American actor (born 1968)

Aaron Edward Eckhart (born March 12, 1968) is an American actor.

Born in Cupertino, California, Eckhart moved to the United Kingdom at an early age. He began his acting career by performing in school plays, before moving to Australia for his high school senior year. He left high school without graduating, but earned a diploma through a professional education course, and then graduated from Brigham Young University (BYU) in Provo, Utah, in 1994 with a Bachelor of Fine Arts degree in film.

As an undergraduate at BYU, Eckhart met director and writer Neil LaBute, who cast Eckhart in several of LaBute's original plays. Five years later Eckhart made a debut as an unctuous, sociopathic womanizer in LaBute's black comedy film In the Company of Men (1997), followed by appearances in three more of the director's films.

Eckhart gained wide recognition as George in Erin Brockovich (2000), and, in 2006, he received a Golden Globe nomination for his portrayal of Nick Naylor in Thank You for Smoking. In 2008, he played a major role in Christopher Nolan's blockbuster Batman film The Dark Knight as District Attorney Harvey Dent / Two-Face.

He went on to appear in Love Happens, Rabbit Hole, Battle: Los Angeles, The Rum Diary, Olympus Has Fallen, I, Frankenstein, Sully, and Midway.

==Early life and education==
Eckhart was born on March 12, 1968 in Cupertino, California, the son of Mary Martha Lawrence, a writer, painter and poet, and James Conrad Eckhart, a computer executive. He is the youngest of three brothers. His father is of Volga German descent, while his mother has English, German, Scots-Irish, and Scottish ancestry. He was raised as a member of the Church of Jesus Christ of Latter-day Saints, and served a two-year mission in France and Switzerland. Eckhart's family relocated to the United Kingdom in 1981, following his father's job in information technology. During their time in the United Kingdom, the family moved around Surrey, England, living in towns such as Cobham, Ripley, and Walton-on-Thames. Eckhart attended American Community School, where he was first introduced to acting, starring in a school production as Charlie Brown.

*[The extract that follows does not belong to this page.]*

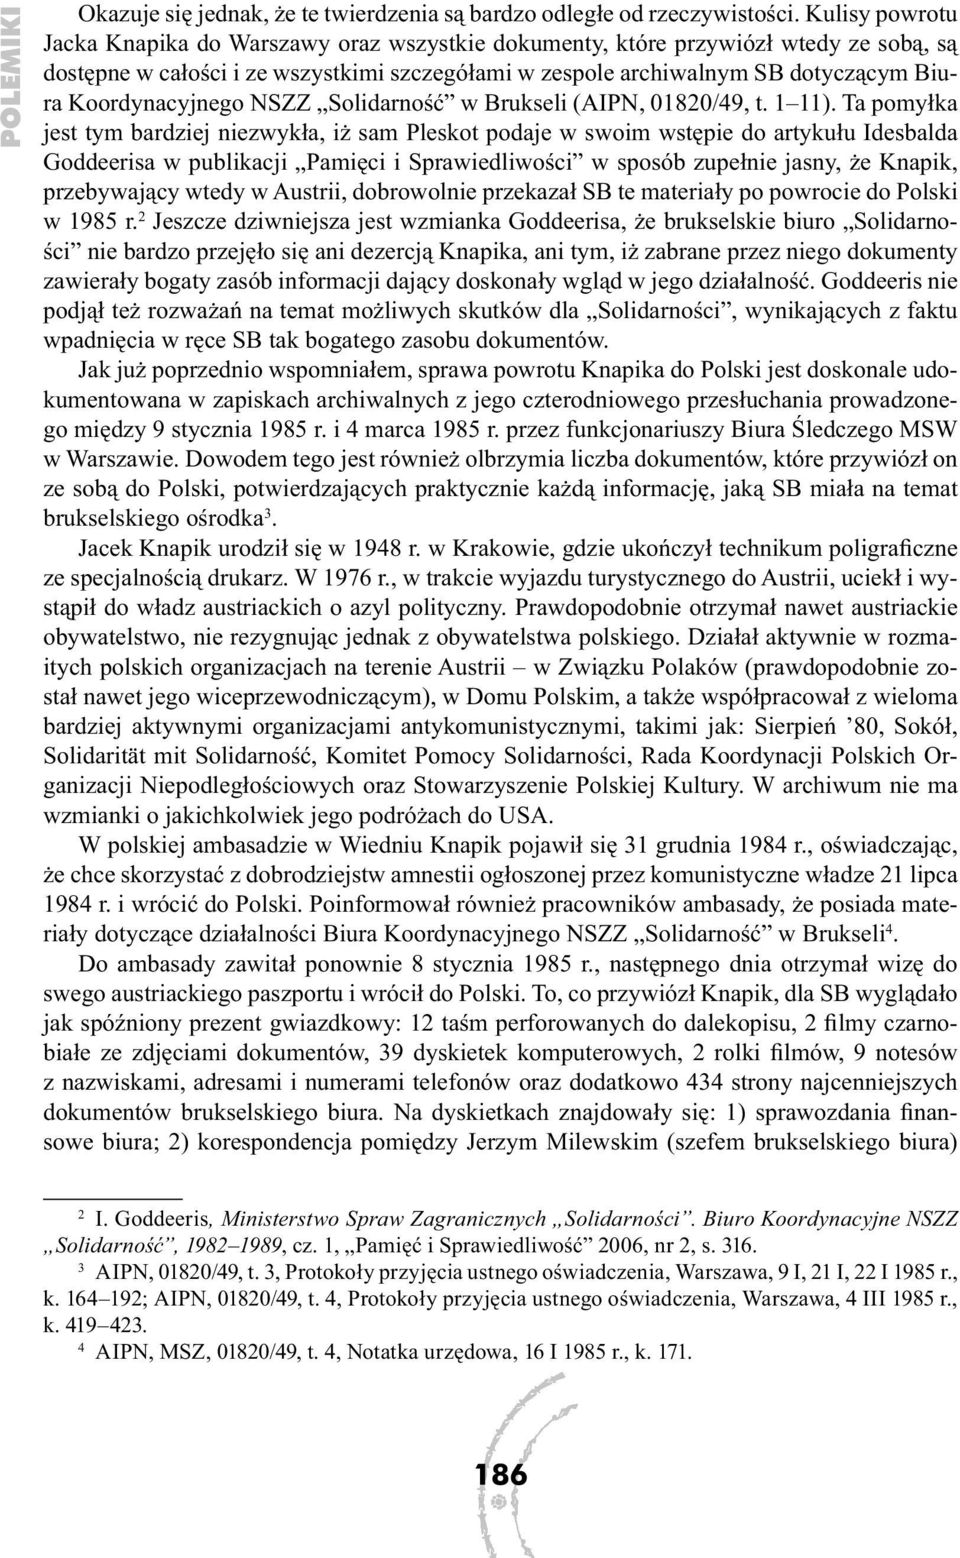 Koordynacyjnego NSZZ Solidarność w Brukseli (AIPN, 01820/49, t. 1 11).

In 1985, Eckhart moved to Australia and settled in Sydney, where he attended American International School of Sydney for his high school senior year; he further developed his acting skills in productions like Waiting for Godot, where he admits that he gave a "terrible" performance. In the autumn of his senior year, Eckhart left school to take a job at the Warringah Mall movie theater. He eventually earned his diploma through a professional education course. This also allowed Eckhart time to enjoy a year of surfing in Hawaii and France, as well as skiing in the Alps. In 1988, Eckhart returned to the United States and enrolled as a film major at Brigham Young University–Hawaii, but later transferred to Brigham Young University (BYU) in Provo, Utah. He graduated in 1994 with a Bachelor of Fine Arts degree. He also studied acting at the William Esper Studio.

==Career==
===Early work===
While at Brigham Young University, Eckhart appeared in the Mormon-themed film Godly Sorrow, and the role marked his professional debut. At this time he met director/writer Neil LaBute, who cast Eckhart in several of LaBute's original plays. After graduating from BYU, Eckhart moved to New York City, acquired an agent, and took various occasional jobs, including bartending, bus driving, and construction work. His first television roles were in commercials. In 1994, he appeared as an extra on the television drama series Beverly Hills, 90210. Eckhart followed this small part with roles in documentary re-enactments (Ancient Secrets of the Bible: Samson), made-for-television movies, and short-lived programs like Aliens in the Family.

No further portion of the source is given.